Systems resilience in home care for older adults: A human factors perspective
Home care support for older adults in England is not ready for the challenges and pressures an ageing population is placing on society. Home care services provide practical care support with assessed eligible activities of daily living. It is primarily outsourced by local authorities to the private sector using a ‘time and task’ commissioning model limited to client contact time. Workforce turnover and vacancy rates are the highest in the health and social care sector, and home care workers are amongst the lowest paid occupation in England.

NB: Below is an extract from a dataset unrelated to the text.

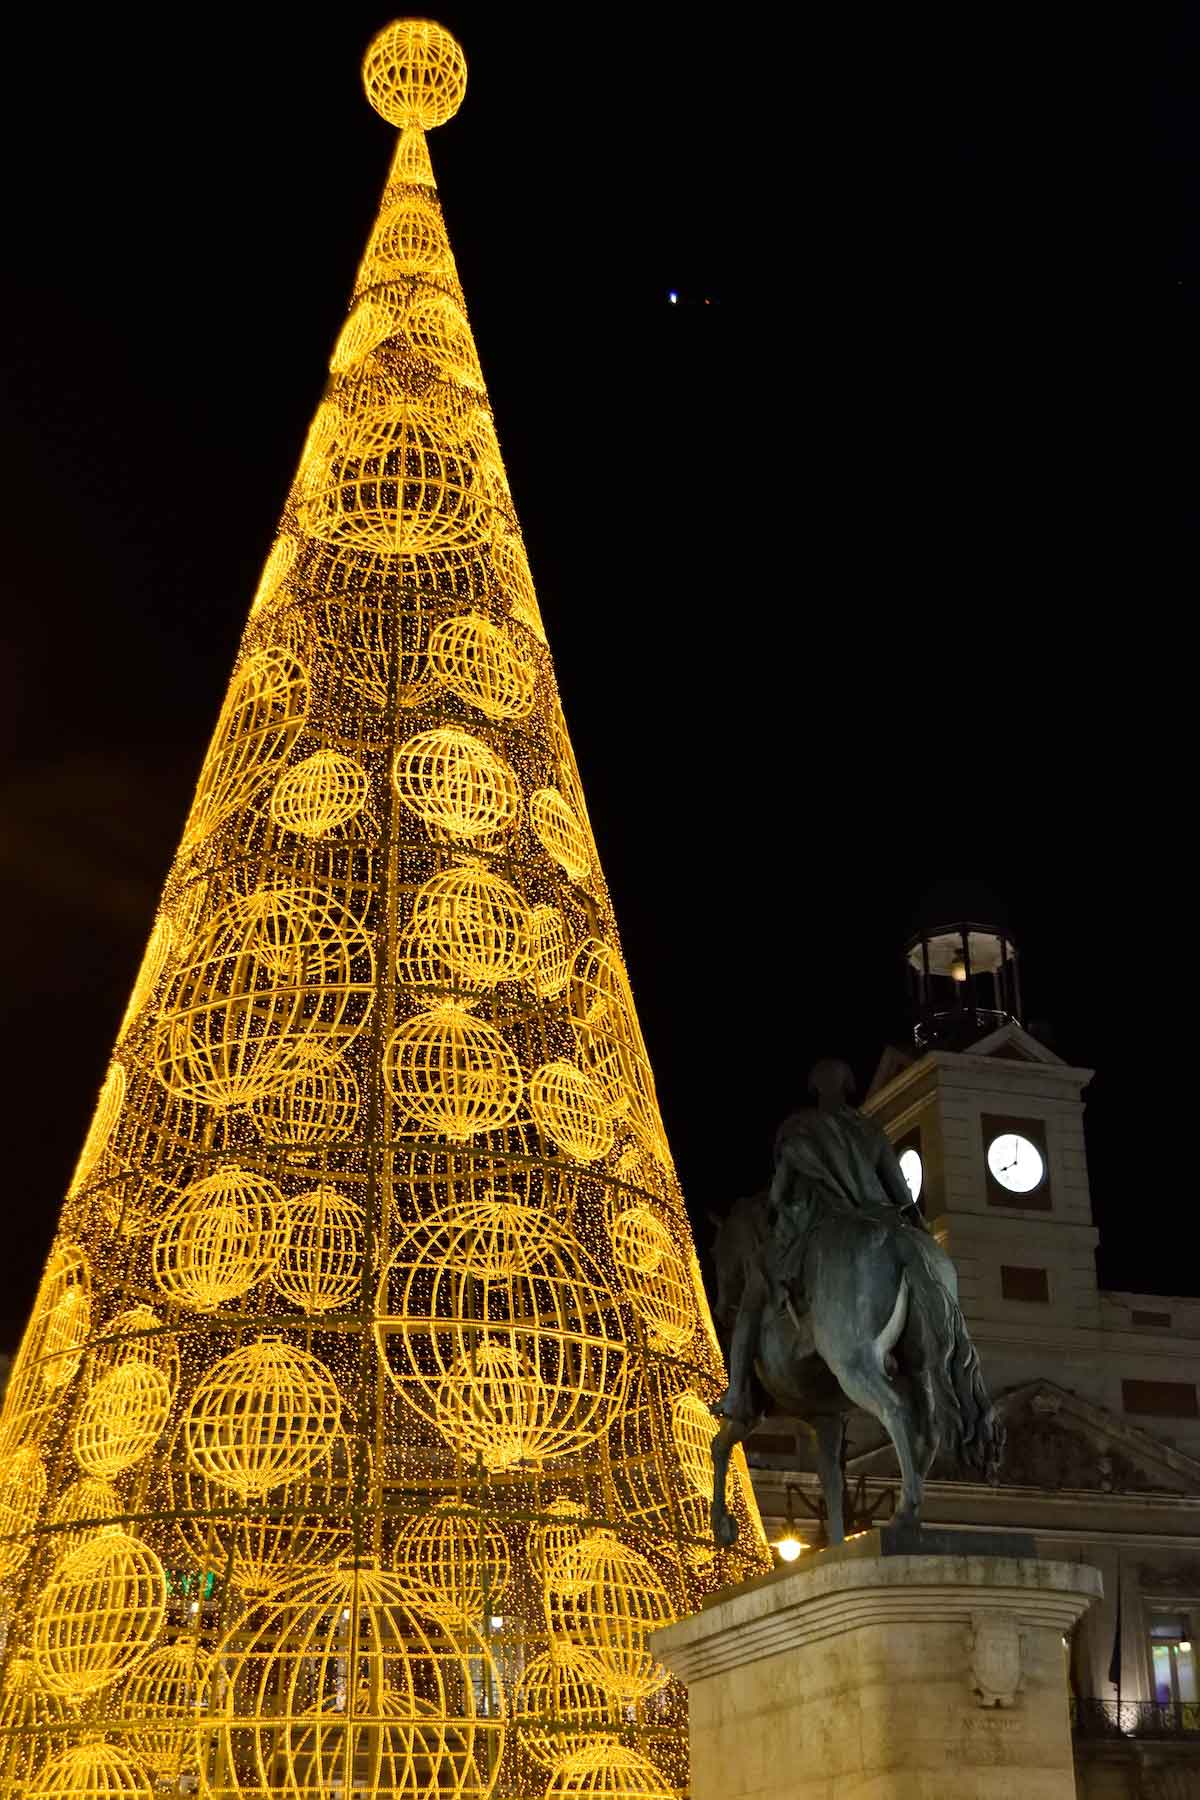 Large outdoor Christmas tree decorated with yellow lights illuminated at night, with a building with a clock tower visible in the background.
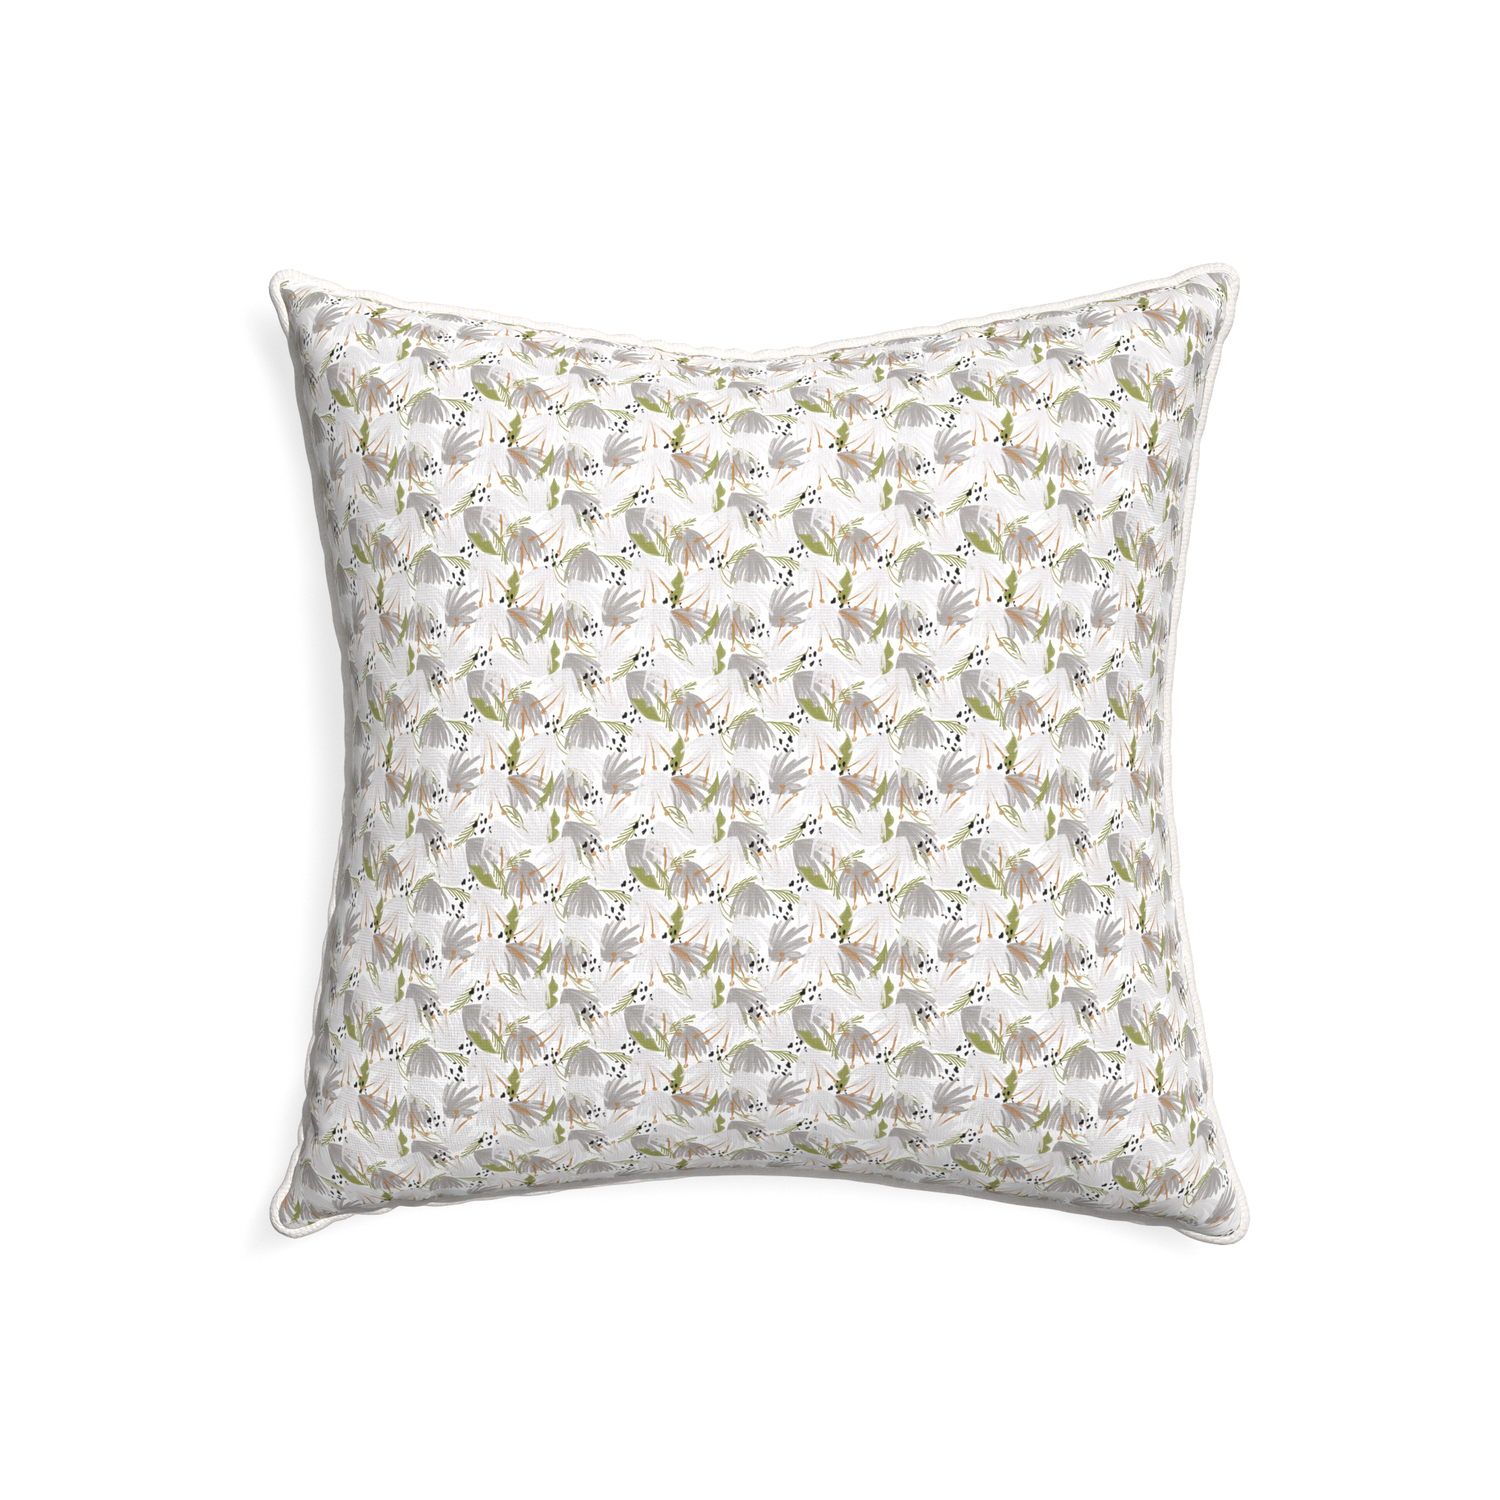 22-square eden grey custom grey floralpillow with snow piping on white background

This PhD uses a Human Factors Ergonomics (HFE) systems approach to answer the research question; ‘What are the factors that challenge the quality and safety standards of local authority commissioned home care?’ Three empirical studies were conducted with participants working in adult social care and the home care sector using a mixed methods research design and two HFE theoretical frameworks; Systems Engineering Initiative for Patient Safety (SEIPS 2.0) and Concepts for the Application for Resilience Engineering Quality Improvement (CARE QI). SEIPS 2.0 was used to identify work system barriers and facilitators which shape work performance and care outcomes. CARE QI was used to describe the misalignments between work-as-imagined demand and capacities to promote understanding of the adaptations these gaps trigger at the point of care delivery (work-as-done).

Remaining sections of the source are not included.